United States District Court, E.D. New York

November 6, 2014

SECURITIES AND EXCHANGE COMMISSION, Plaintiff,
v.
TOMO RAZMILOVIC, Defendant.

ORDER

SANDRA J. FEUERSTEIN, District Judge.

I. Procedural History

On June 3, 2004, the Securities and Exchange Commission ("SEC") commenced this action against defendant Tomo Razmilovic ("Razmilovic"), and others[1], alleging claims, inter alia, for violations of Section 17(a) of the Securities Act of 1933 ("the Securities Act"), 15 U.S.C. § 77q(a); Sections 10(b), 13(a), 13(b)(2) and 13(b)(5) of the Securities Exchange Act of 1934 ("the Exchange Act"), 15 U.S.C. §§ 78j(b), 78m(a), 78m(b)(2) and 78m(b)(5), and Rules 10b-5, 12b-20, 13a-1, 13a-13, 13b2-1 and 13b2-2 thereunder, 17 C.F.R. §§ 240.10b-5, 240.12b-20, 240.13a-1, 240.13a-13, 240.13b2-1 and 240.13b2-2, and seeking, inter alia : (1) to permanently enjoin Razmilovic from future violations of the securities laws, from controlling any person who violates the securities laws and from acting as an officer or director of a public company; (2) disgorgement of all profits realized by Razmilovic as a result of his violations of the securities laws, including prejudgment interest thereon; and (3) civil monetary penalties pursuant to Section 21(d)(3) of the Exchange Act, 15 U.S.C. § 78u(d)(3), and Section 20(d) of the Securities Act, 15 U.S.C. § 77t(d). (Comps., ¶ 14, pp. 78-82).

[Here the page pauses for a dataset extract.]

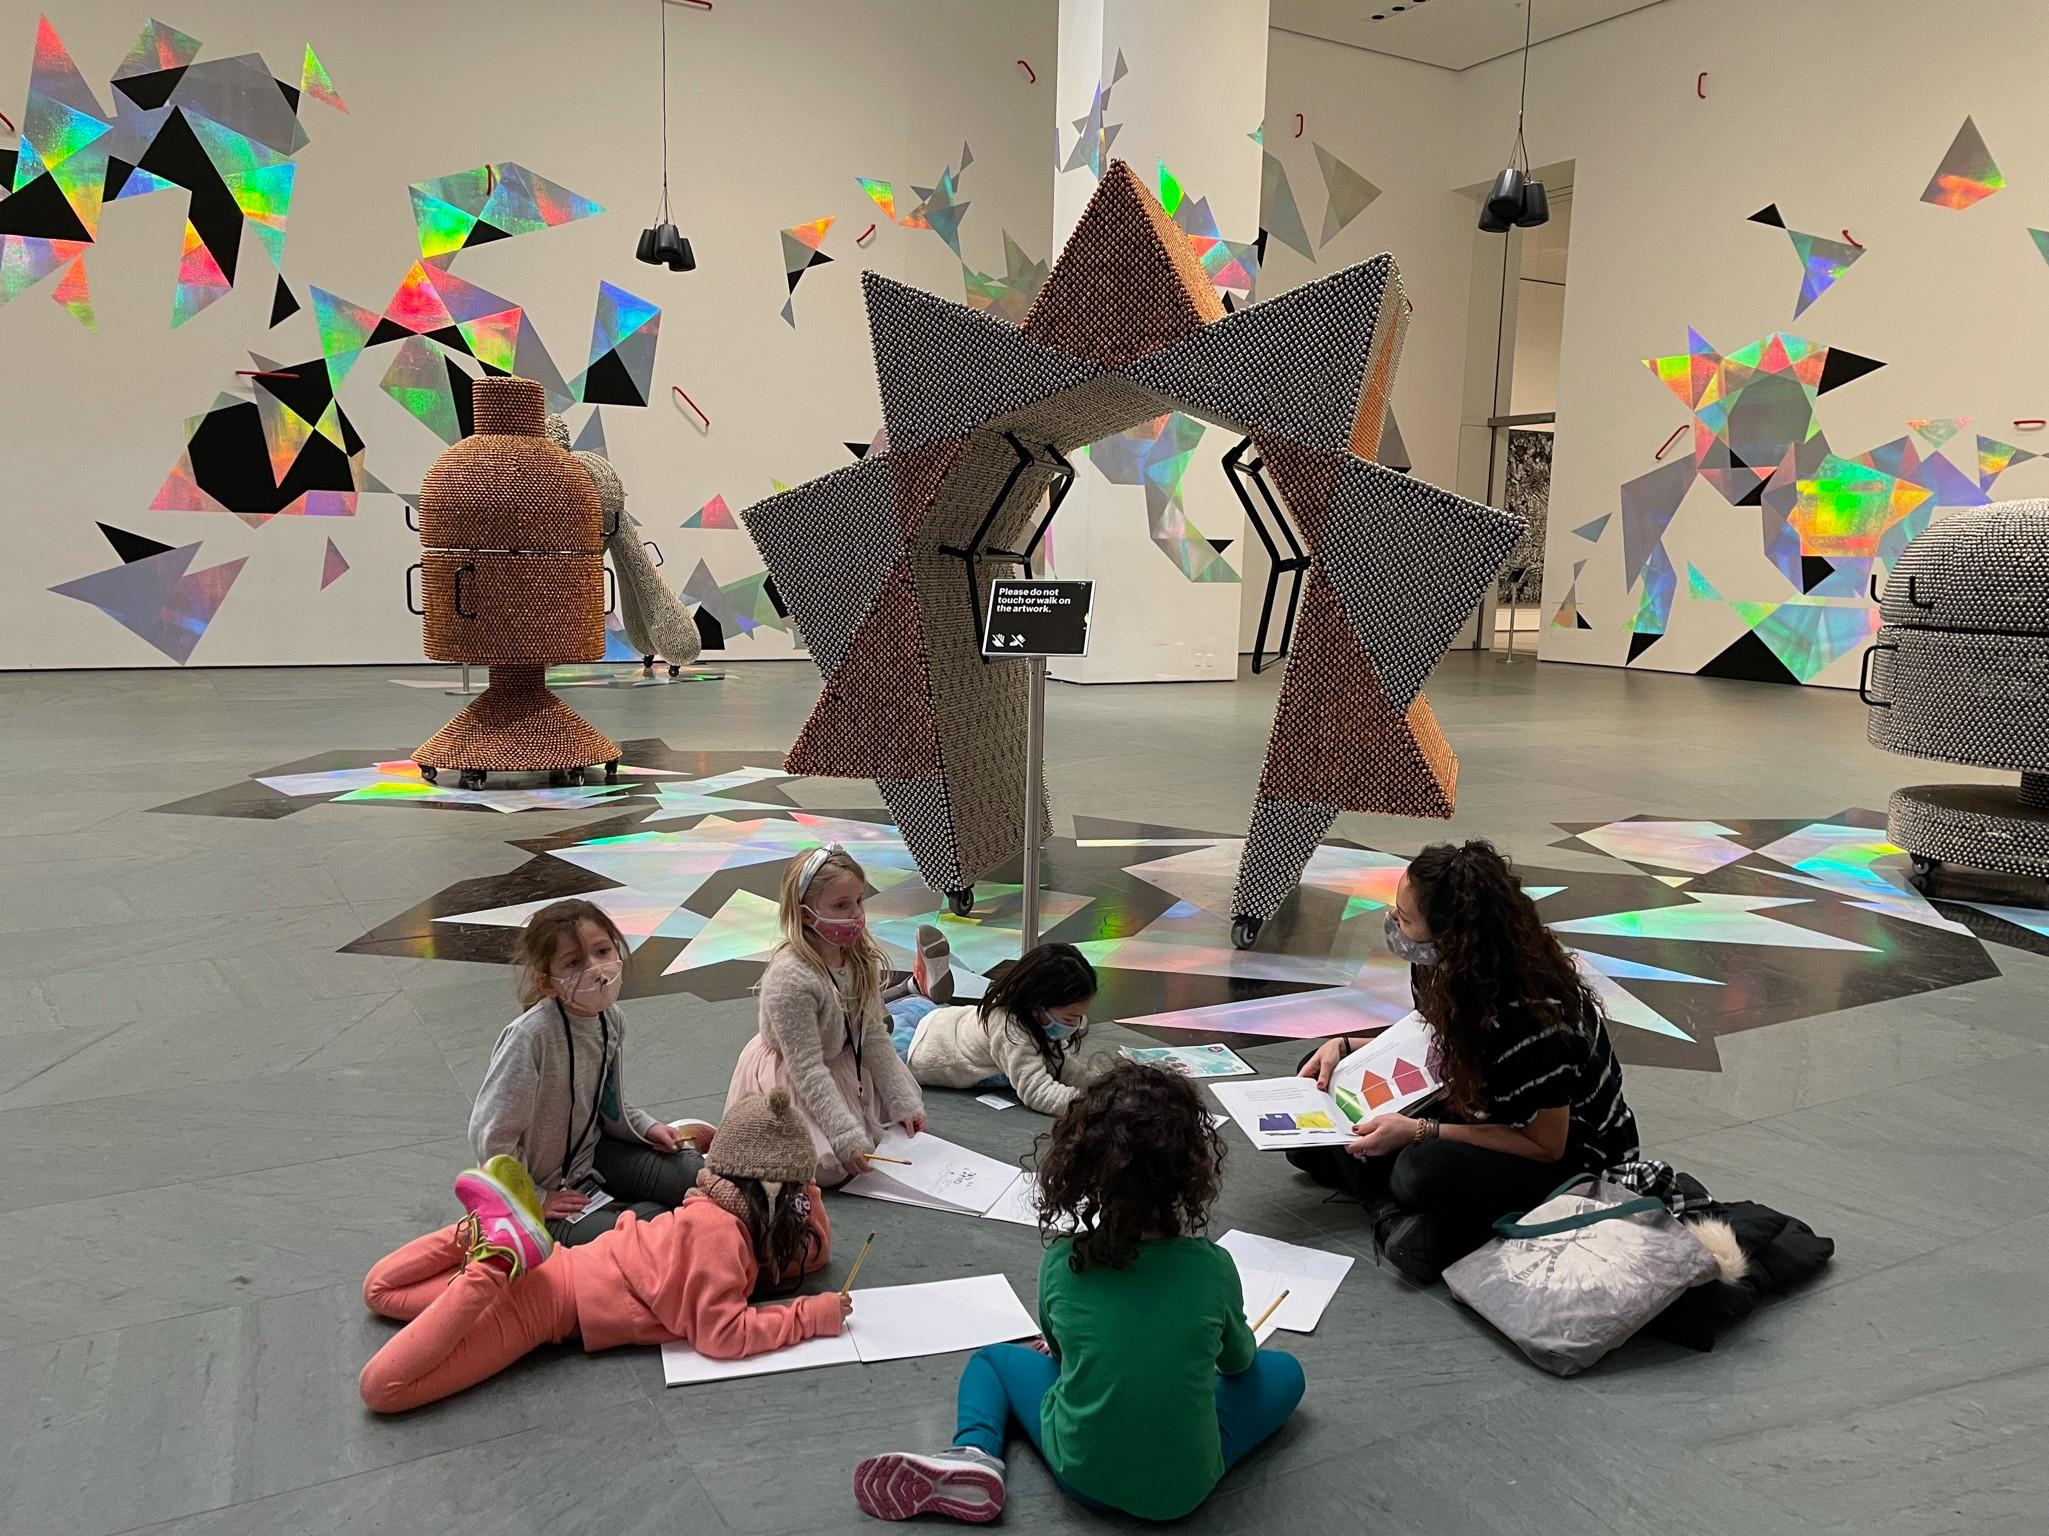 Exploring the NYC Art World (UWS)
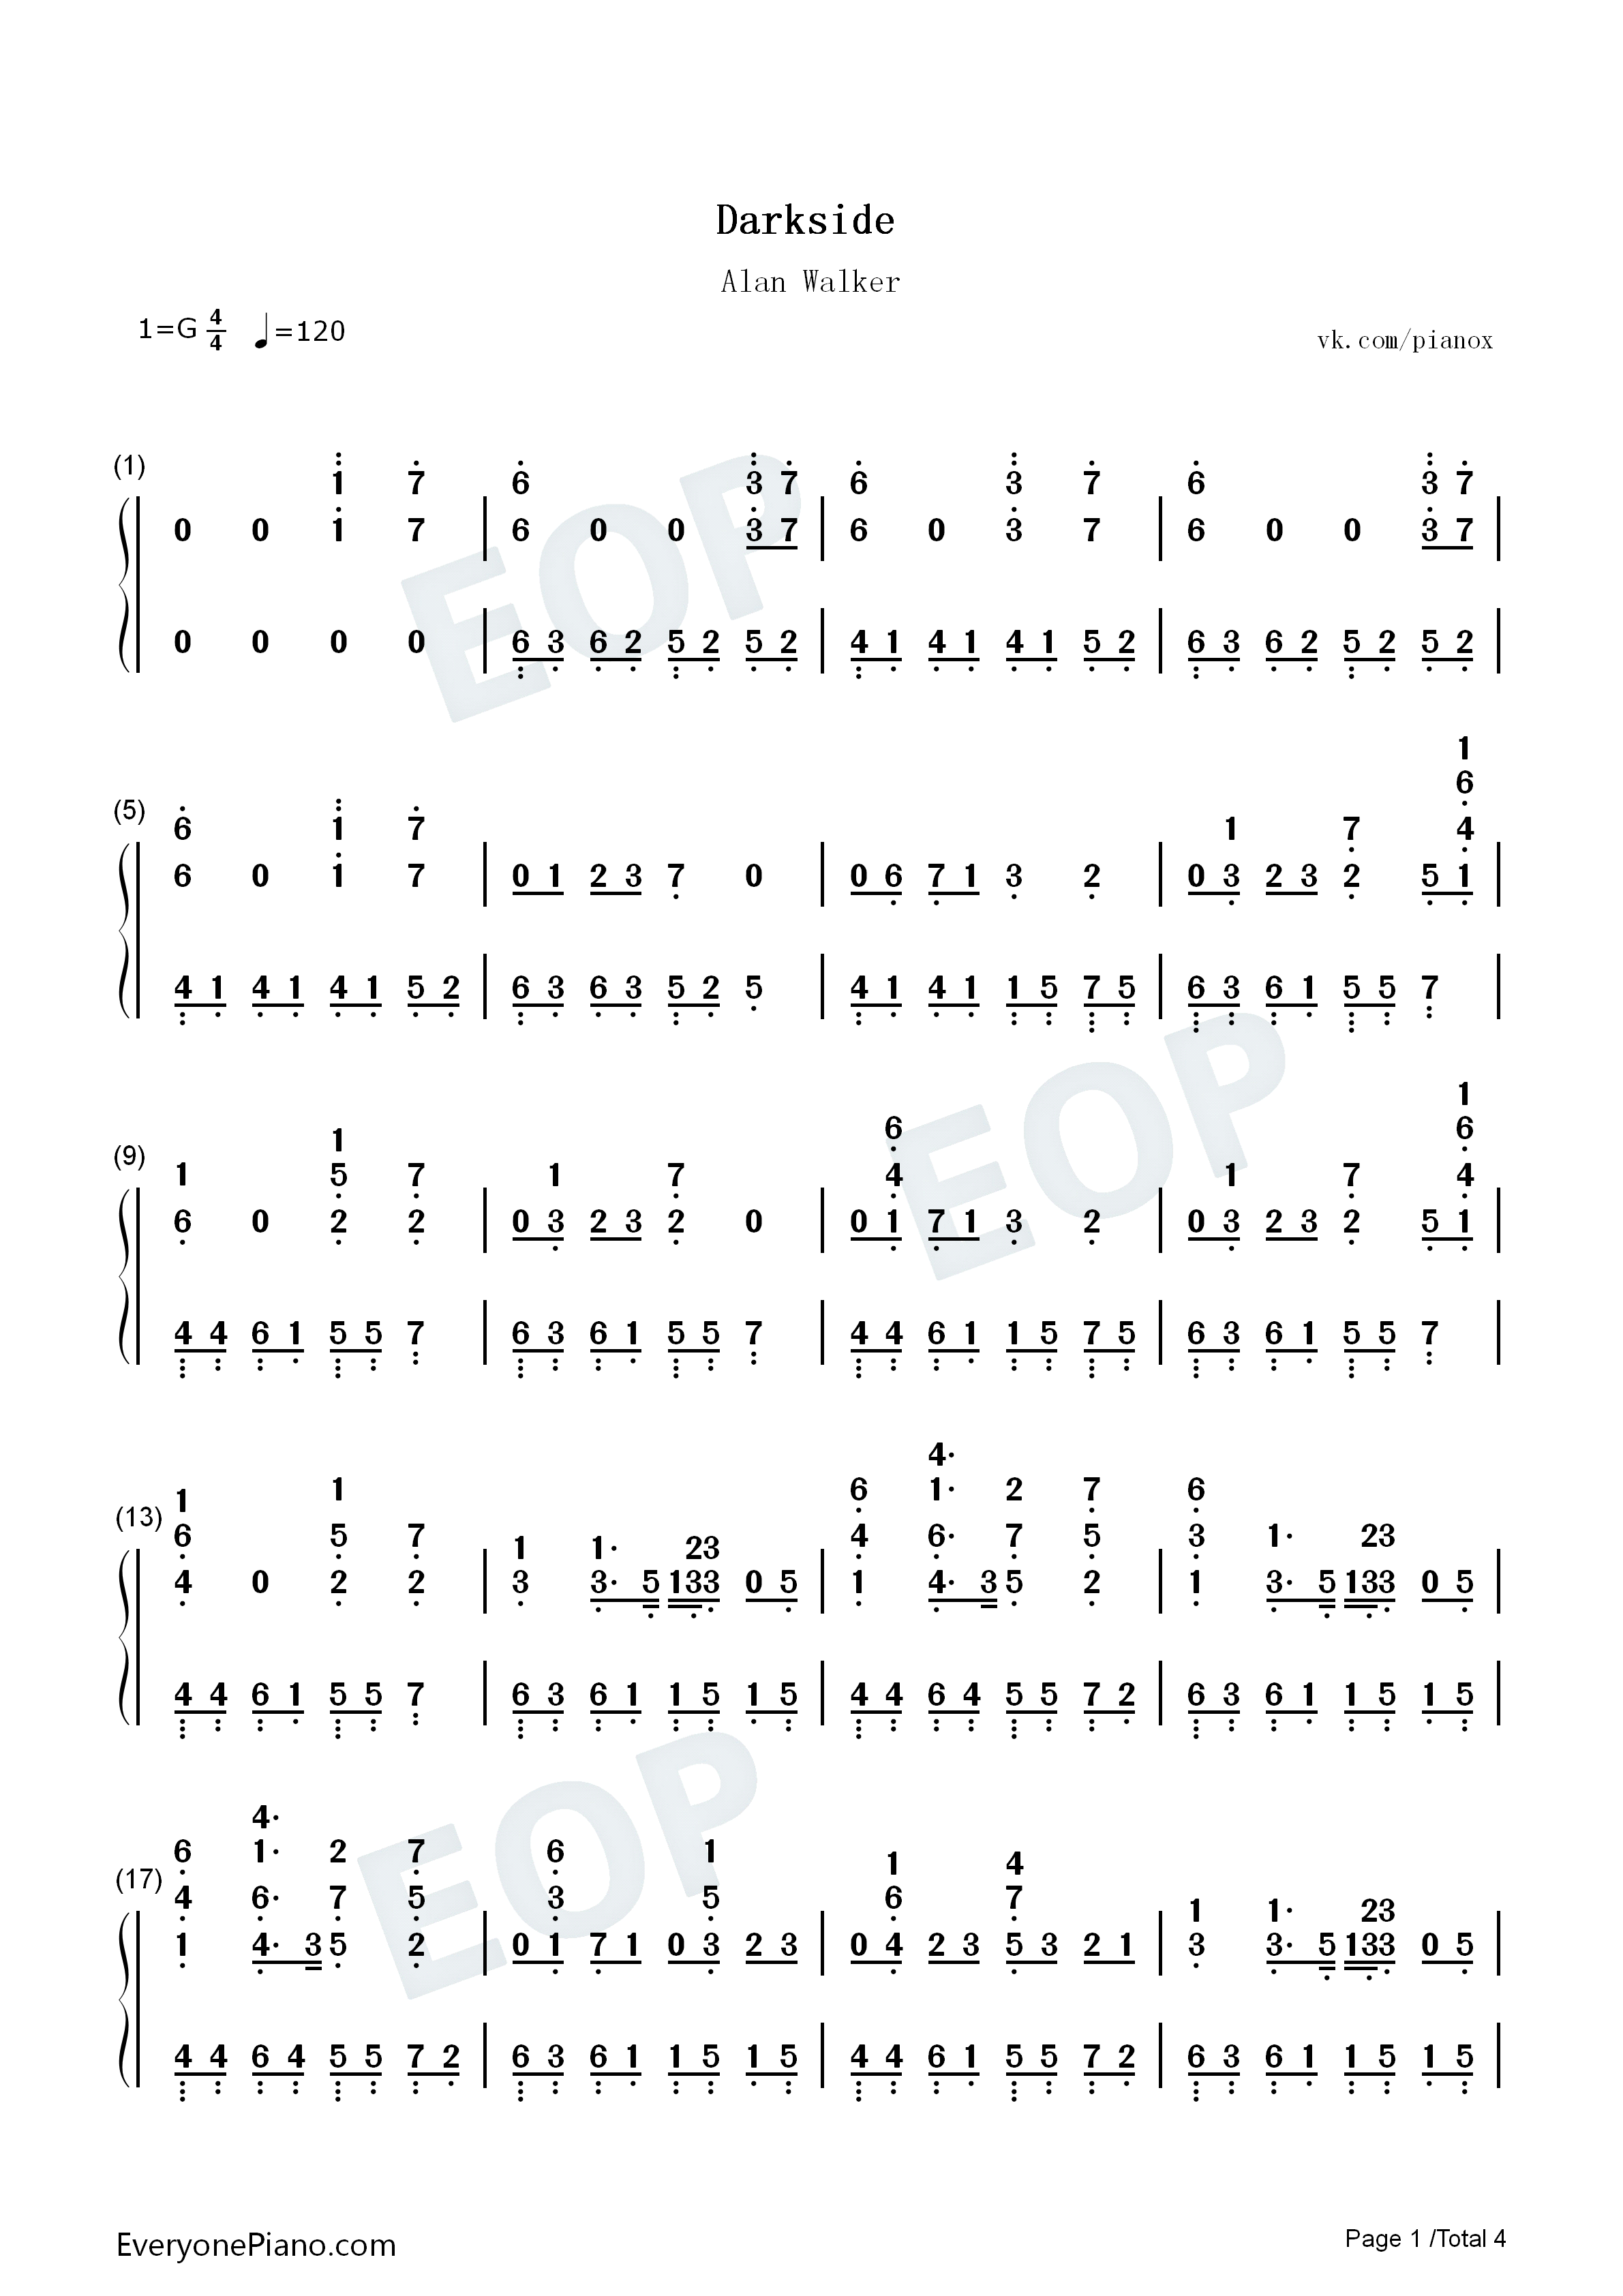 Darkside-Alan Walker Numbered Musical Notation Preview

On July 21, 2009, the SEC served Razmilovic's counsel with a notice to take Razmilovic's deposition at the SEC's offices in New York on Monday, September 28, 2009. (See Motion to Compel, Doc. No. 100, Ex. B). Razmilovic's counsel informed the SEC that Razmilovic refused to appear for a deposition in the United States[2] and alternatively proposed conducting an in-person deposition of Razmilovic in Sweden or a deposition via videoconference. ( Id., Ex. F). By order dated October 9, 2009, I, inter alia, granted the SEC's subsequent motion to compel the deposition of Razmilovic in person on or before October 22, 2009, as provided in the SEC's notice of deposition; denied Razmilovic's motion to conduct his deposition via videoconference; and advised that Razmilovic's failure to appear in person for the deposition as noticed could result in sanctions being imposed against him and/or his attorneys pursuant to Rule 37(b)(2)(A) of the Federal Rules of Civil Procedure, including the entry of a default judgment against him. (Doc. No. 109). Razmilovic failed to appear for the deposition as directed by the October 9, 2009 order.

On December 21, 2009, the SEC moved, pursuant to Rule 37 of the Federal Rules of Civil Procedure, for a default judgment against Razmilovic based upon his failure to comply with this Court's October 9, 2009 order. (Doc. No. 137). On December 22, 2009, I granted the SEC's motion for a default judgment against Razmilovic pursuant to Rule 37 of the Federal Rules of Civil Procedure based upon his failure to comply with this Court's October 9, 2009 order. By order dated February 25, 2010, I denied Razmilovic's motion for reconsideration of the December 22, 2009 order.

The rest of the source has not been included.